Unfortunately, since assuming office, the Bush Administration has cut back radically on its enforcement efforts. It has not filed Title VII lawsuits in substantial numbers and it appears to have abandoned serious Title VII enforcement on behalf of African-Americans. It is vital that the Department of Justice become more vigorous and out-spoken in the effort to address employment discrimination.
DOJ has failed to vigorously enforce the equal employment opportunity laws under this Administration.
A review of enforcement activity since 2001 reveals that the Employment Section has failed to fulfill its mission under this Administration.20 The number of Title VII lawsuits filed by the Section is down considerably from prior Administrations - both Republican and Democrat.
Since January 20, 2001, the Bush Administration filed just 35 Title VII cases, or an average of approximately six cases per year.

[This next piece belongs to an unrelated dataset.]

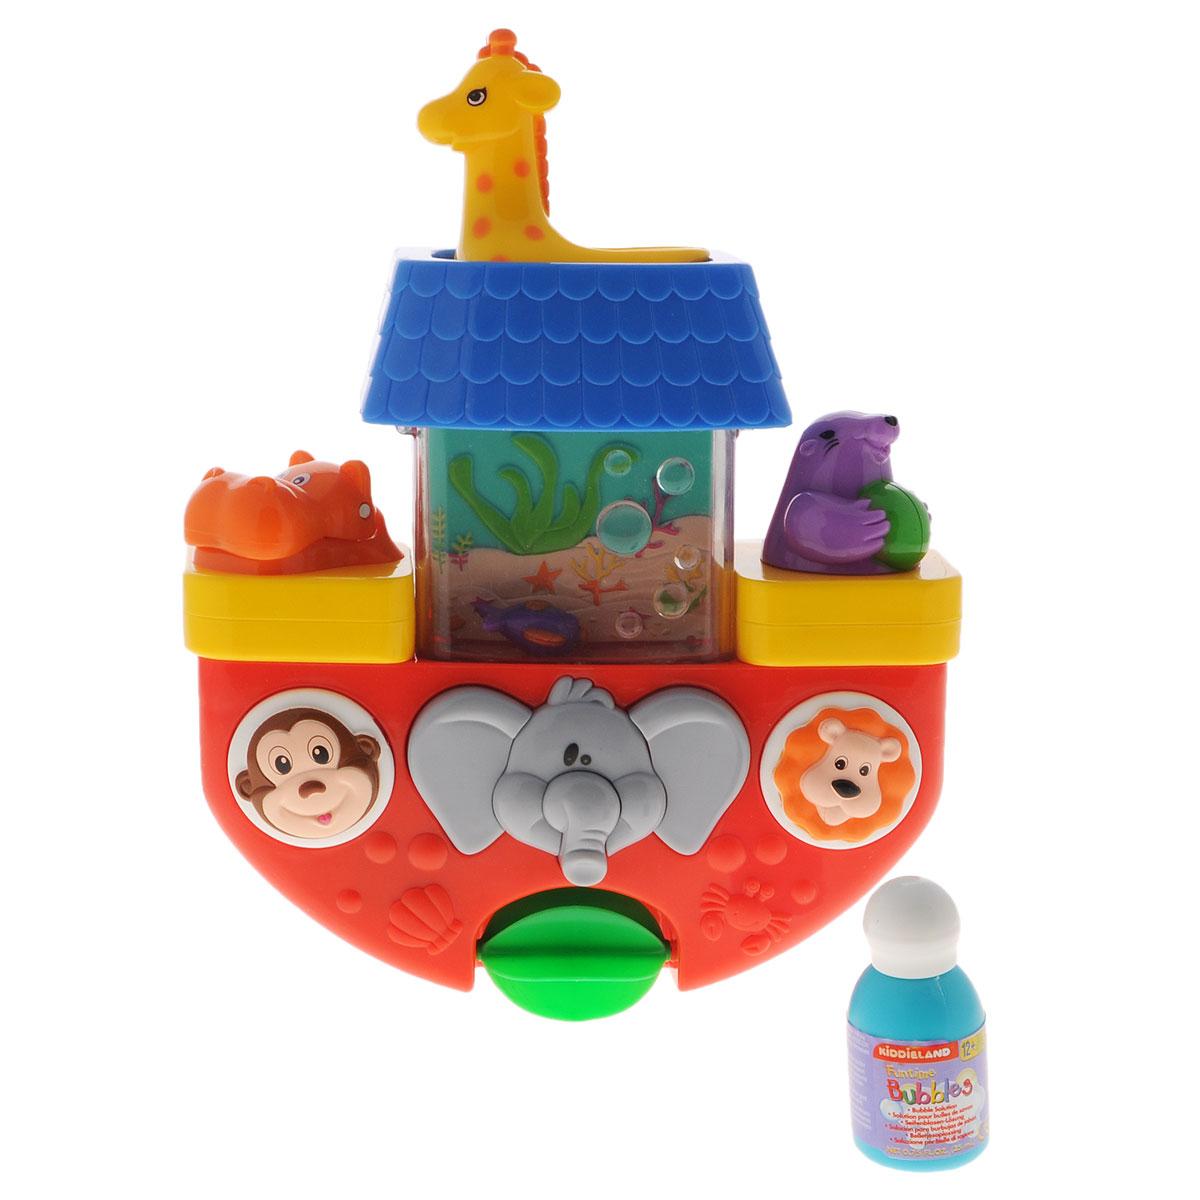 Kiddieland Игрушка для ванны КорабликKID 029645С игрушкой для ванны Kiddieland Кораблик ни один ребенок не захочет вылезать из ванны! Лейте воду черпачком-жирафом и наблюдайте за маленькой рыбкой, которая плавает в прозрачном резервуаре. Вода медленно начнет стекать по туловищу слона и крутить водное колесо. Нажмите, чтобы пустить струю воды из веселого тюленя, или наблюдайте за пузырьками, вылетающими из большого рта гиппопотама! Игрушка имеет присоски для установки на любую ровную поверхность. Превратите купание малыша в веселый праздник!

This number includes five cases in which the DOJ intervened in ongoing litigation and two cases initiated by the U.S. Attorney's Office for the Southern District of New York (using its own resources). By comparison, the Clinton Administration filed 34 cases in its first two years in office. By the end of its term in office, the Clinton Administration had filed 92 complaints of employment discrimination or more than eleven cases per year. Standing alone, the lack of Title VII enforcement by the Employment Section is grave cause for concern.
Furthermore, the mix of cases filed also has changed. The Section has filed few cases on behalf of African Americans. In fact, the Section has directed a portion of its precious resources to "reverse discrimination" cases on behalf of white individuals. In other cases, the Section abandoned well-established government positions. In two recent Supreme Court cases, the Solicitor General refused to defend the longstanding legal positions of the Equal Employment Opportunity Commission, opting instead for a more restrictive reading of Title VII. In these cases, the Employment Section either failed to advocate for the EEOC's position or was ineffective in attempting to direct policy toward aggressive enforcement. Compounding these problems are major changes in personnel that have resulted in the loss of dedicated career staff, low morale, and a decrease in productivity. Each of the concerns is addressed in more detail below.
DOJ has failed to enforce Title VII vigorously to address discrimination against individuals.
DOJ has the authority to bring suit on behalf of individual plaintiffs under section 706 of
Title VII. Individuals who believe they are the victims of employment discrimination may file a charge of discrimination with the Equal Employment Opportunity Commission. If the charge of discrimination is against a state or local government employer, the EEOC may refer the charge to the DOJ following a determination that the charge has merit and efforts to resolve the matter voluntarily have failed.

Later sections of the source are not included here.